=== Exercise details ===
Quote the whole listing word for word. Do not include the pictures.

--- Recorded information ---

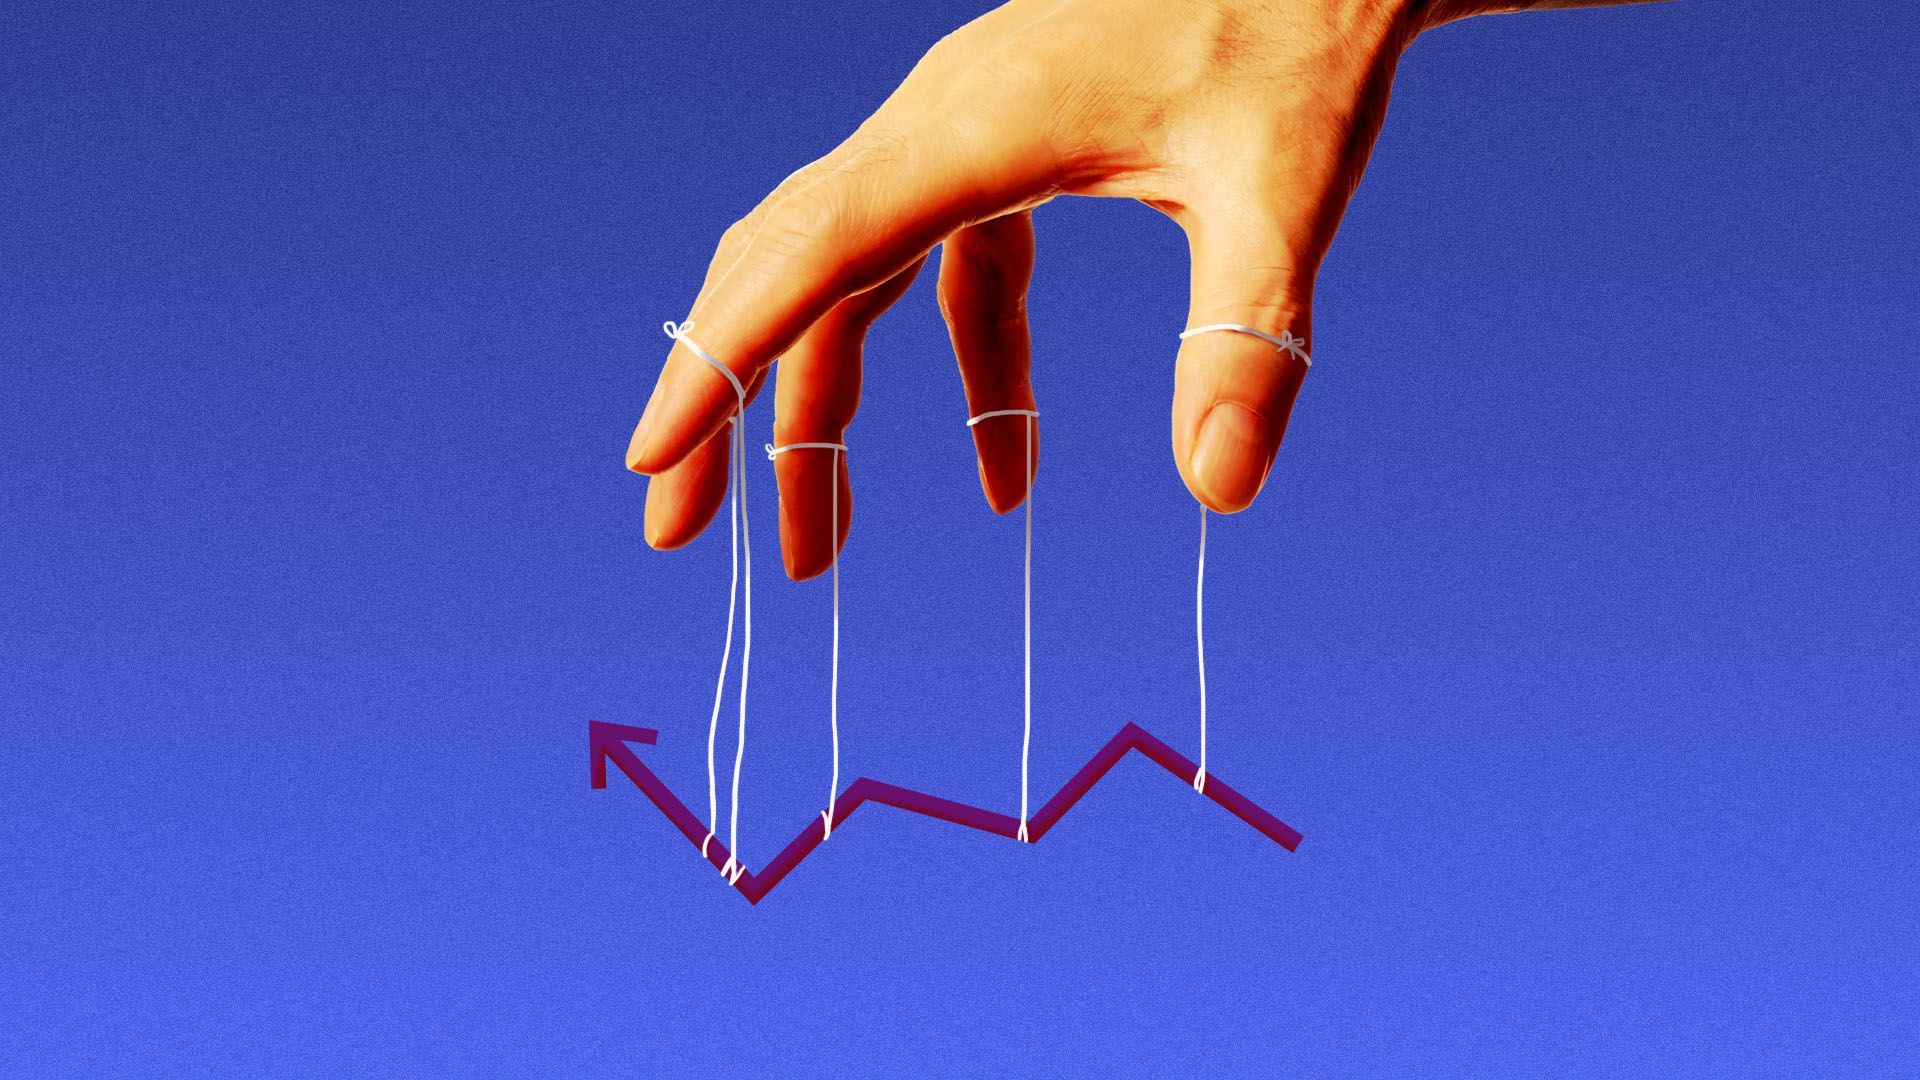 Illustration of a hand holding a bar graph
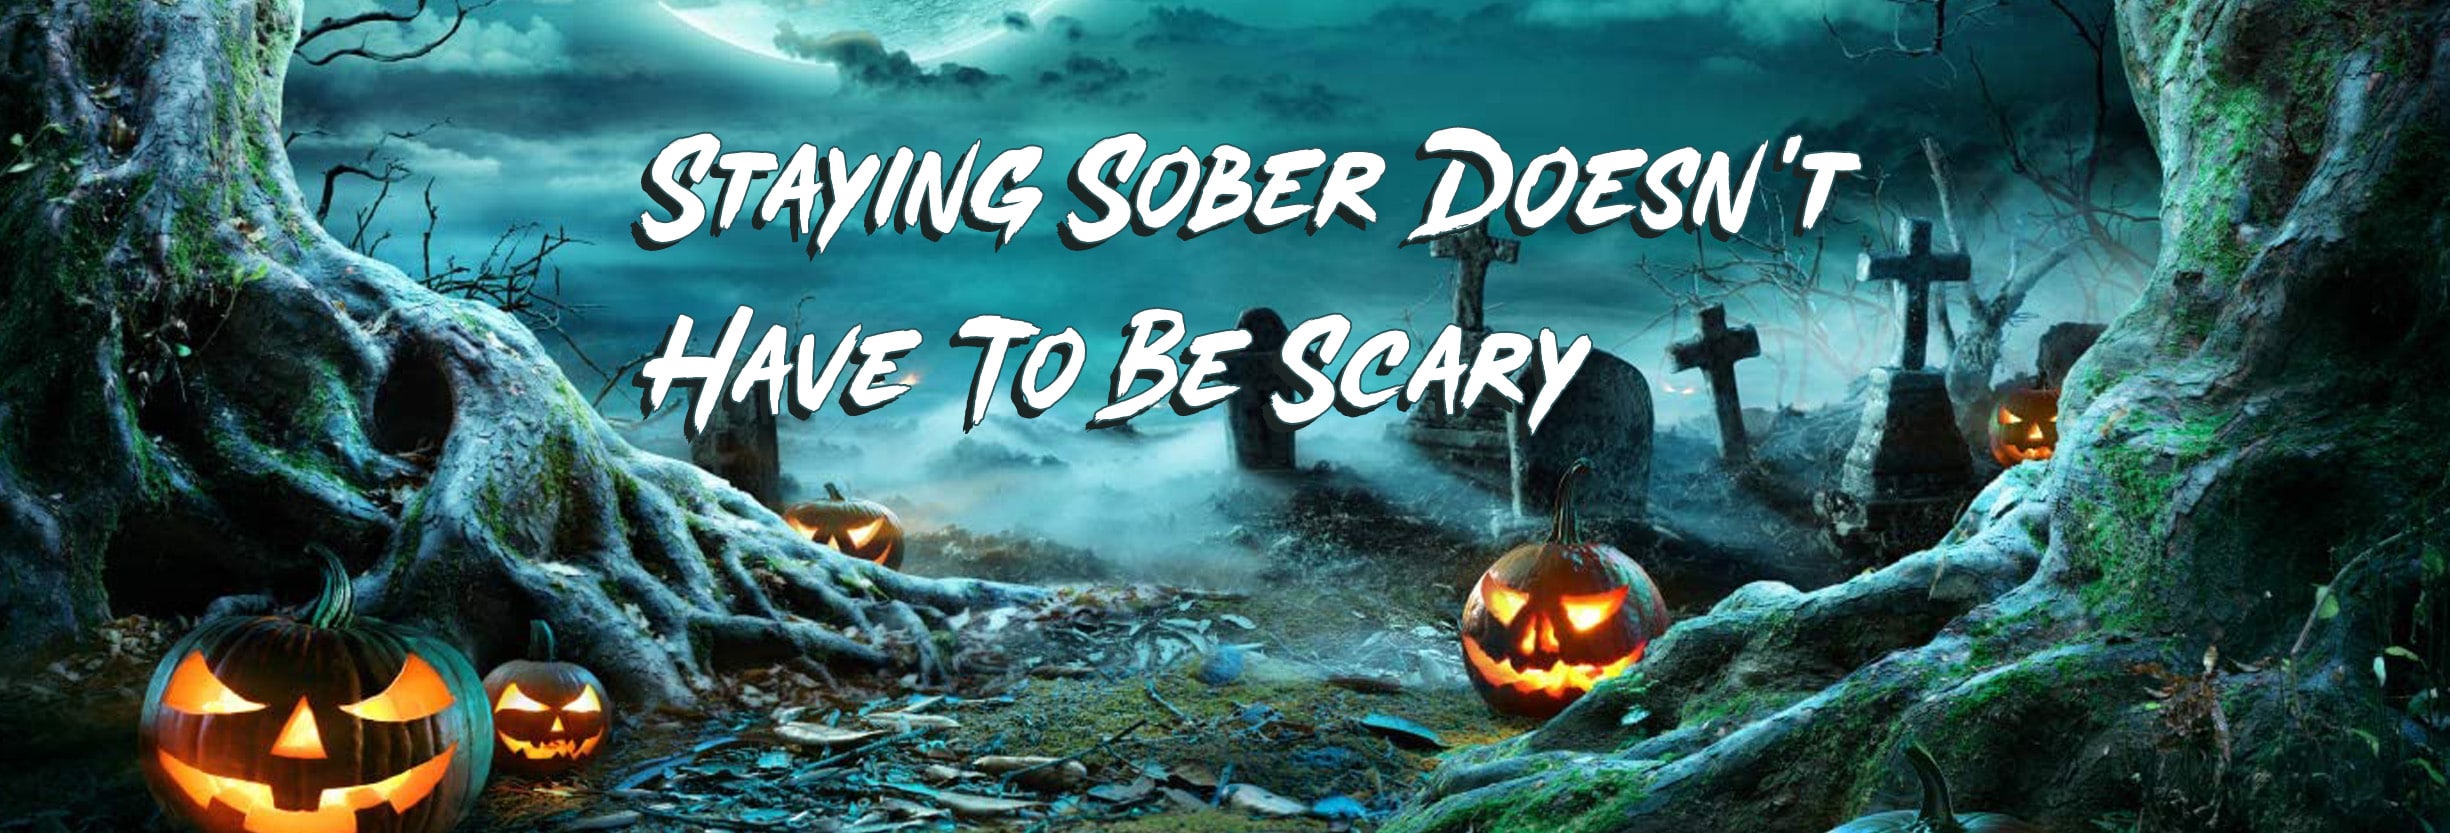 Staying Sober Doesn’t Have To Be Scary
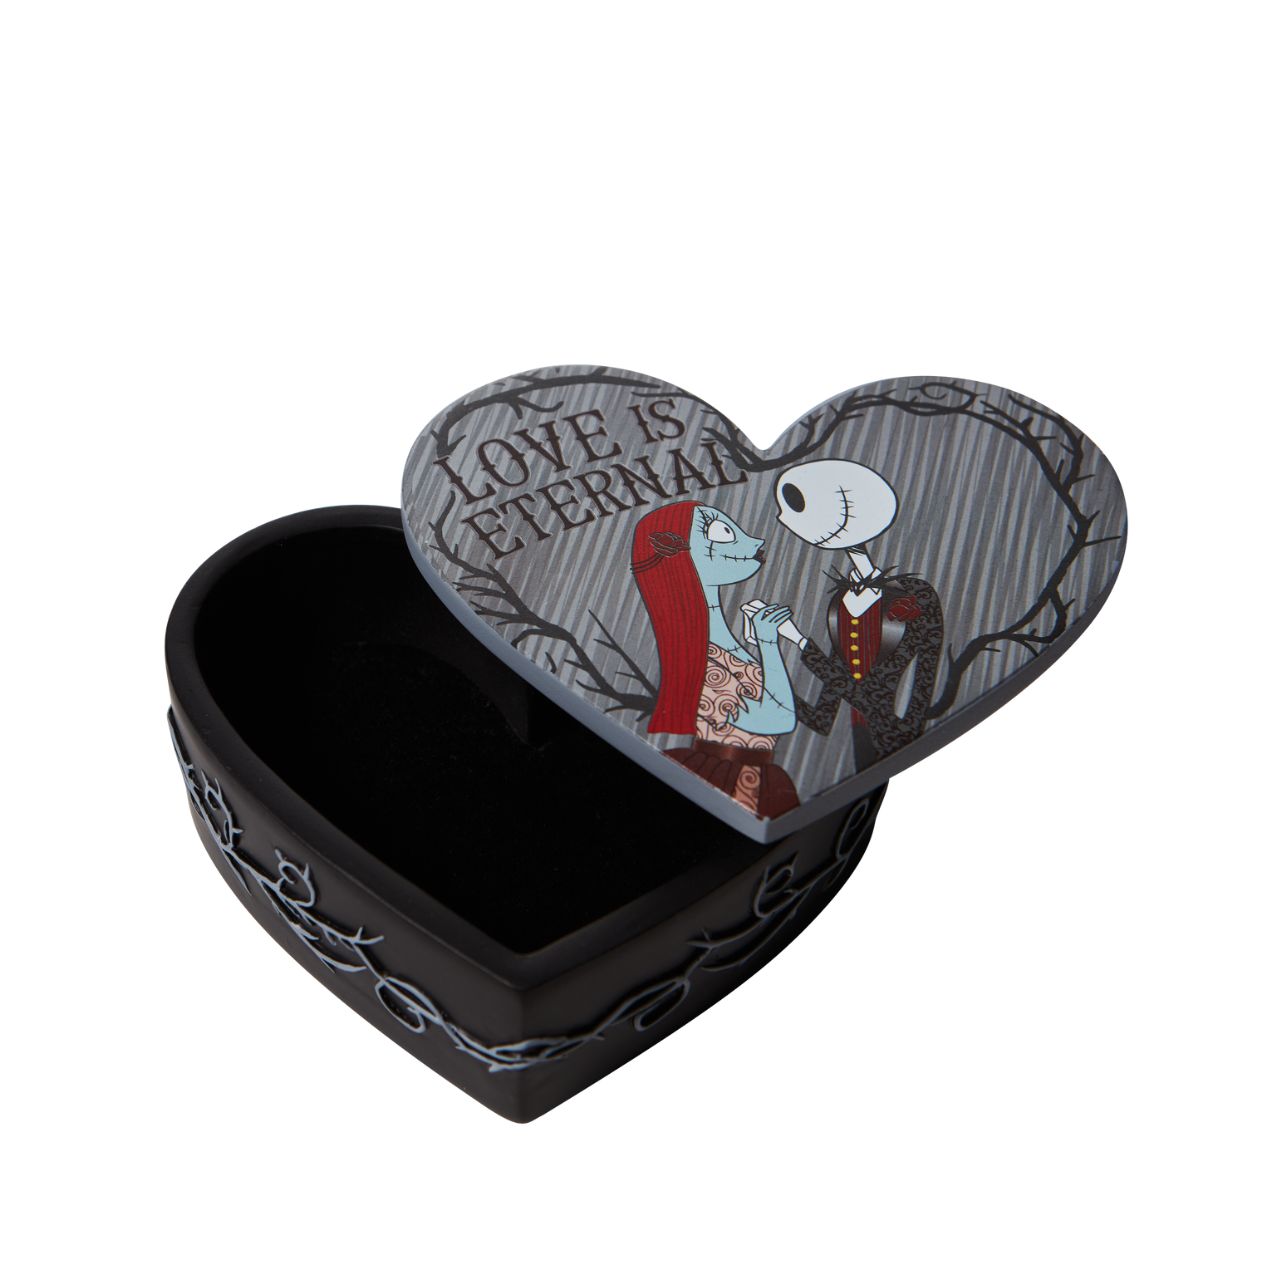 Jack and Sally Trinket Box Nightmare Before Christmas  Jack and Sally are an unlikely coupling of precious proportions. The Skellington King and ragdoll lock eyes in a romantic embrace upon this lidded felt lined ring box. 
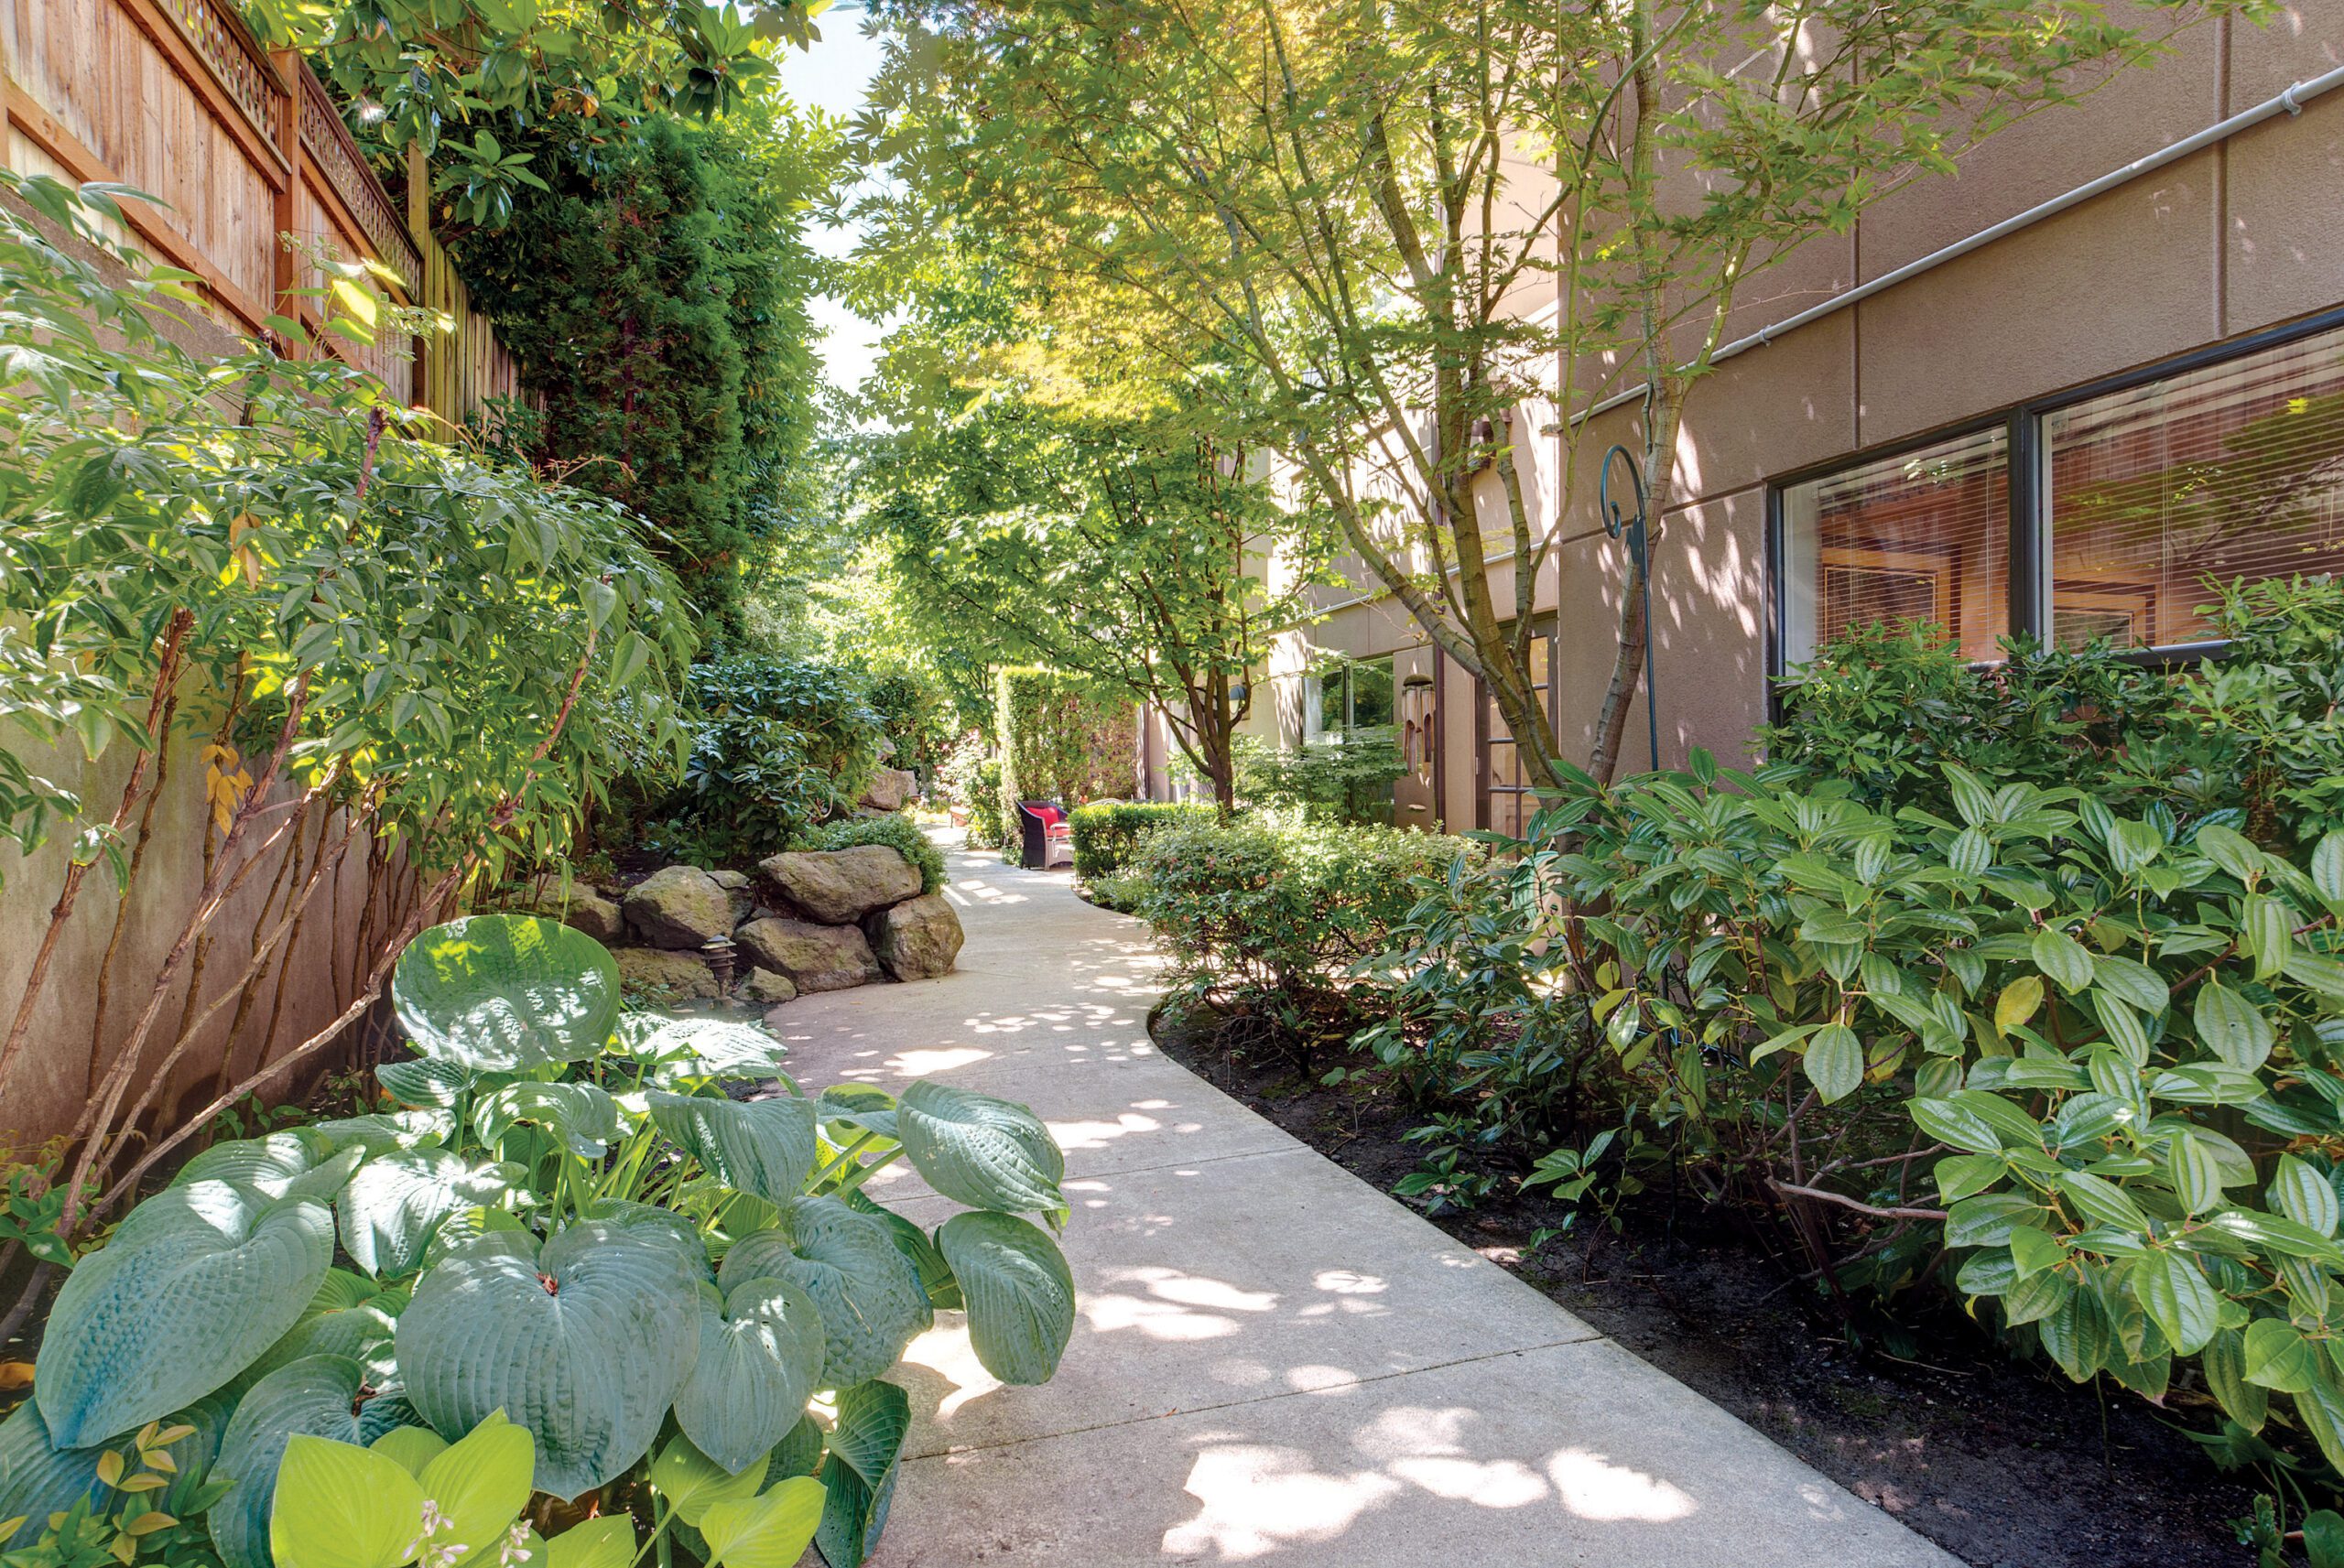 A serene residential walkway adorned with lush plants and trees, creating a tranquil atmosphere.

---

=== Written reply ===
 Illustration of a hand holding a bar graph
 Staying Sober Doesn’t Have To Be Scary
 Jack and Sally Trinket Box Nightmare Before Christmas  Jack and Sally are an unlikely coupling of precious proportions. The Skellington King and ragdoll lock eyes in a romantic embrace upon this lidded felt lined ring box. 
 A serene residential walkway adorned with lush plants and trees, creating a tranquil atmosphere.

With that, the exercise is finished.